He sent words to Flordeliza that he wanted to come back to her. She received him back and gently cared for him until he died.

The “other” woman came to the funeral. On seeing her, Flordeliza immediately went over to greet and embrace her, and to thank her for taking care of her husband for the past so many years.

The priest asked the people one question, whether they could do what Flordeliza did.

They all shook their heads and said vehemently, “No way.”

2. A Malaysian-Chinese woman and her no-good husband

Maggie, a Chinese lady who resides in a town in the Rajang River basin, Sarawak, had the misfortune of being married to a no-good husband. The man has been sleeping over at his mistress’s place every night and returning home in the morning only to bathe and change, leaving his dirty laundry to the wife.

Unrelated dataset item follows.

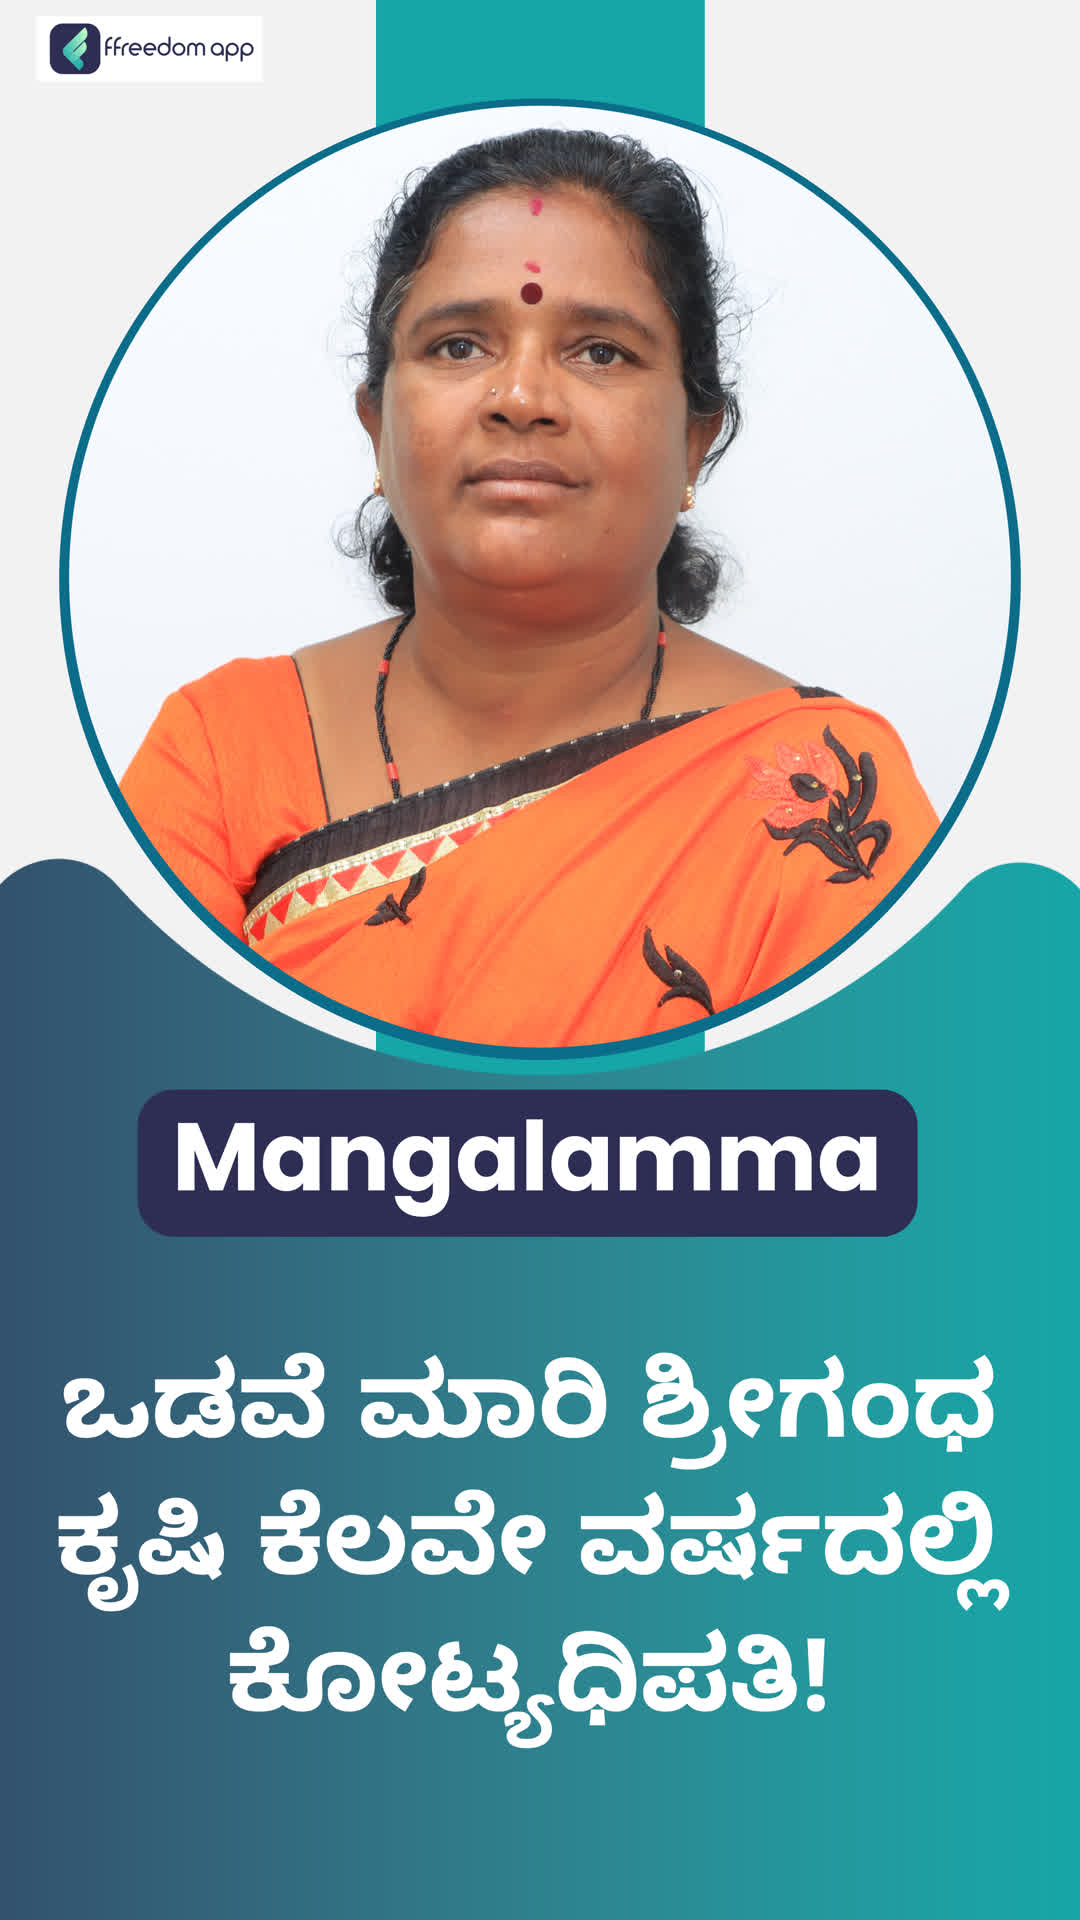 Mangalamma's Honest Review of ffreedom app - Chikballapur ,Karnataka

Maggie was understandably bitter for the last twenty over years.

One day, the mistress phoned one of Maggie’s sons to say that her husband had died and asked the family to collect the body for burial. The body was brought home, but Maggie refused to have anything to do with the funeral arrangements, leaving everything to her grown up sons to handle.

On the day of the funeral, friends and relatives were amazed to see her sitting there, seeping her tea, evidently very pleased with herself and, as we Chinese would say, “shaking her legs”.

When people asked why she was beaming with joy instead of being mournful on a day like this, she said brightly, “You have no idea how relieved I am, now that he’s dead. In the past, I used to be tortured by sleepless nights, sitting up wondering what he was doing with that woman. Now, I am free. I can sleep in peace every night!”

3. A Korean woman with her no-good husband

Angela lives in Naju, Korea. She divorced her husband eighteen years earlier and had single-handedly been raising their two children ever since. We do not know how long they were married or even why they were divorced. But no one could fail to see the bitterness in her life ever since the divorce. This is what she wrote in her testimony:

  • No one will understand how many times I have cried or how much pain I had endured. Tears of blood have been flowing inside me. I was so resentful and decided to take revenge by earning as much money as possible and raising the children in the best possible way. I worked like an ox, even when I was sick. My mind was always sizzling with resentment and anger, unable to forgive. I was angry with the world and sometimes, even with God.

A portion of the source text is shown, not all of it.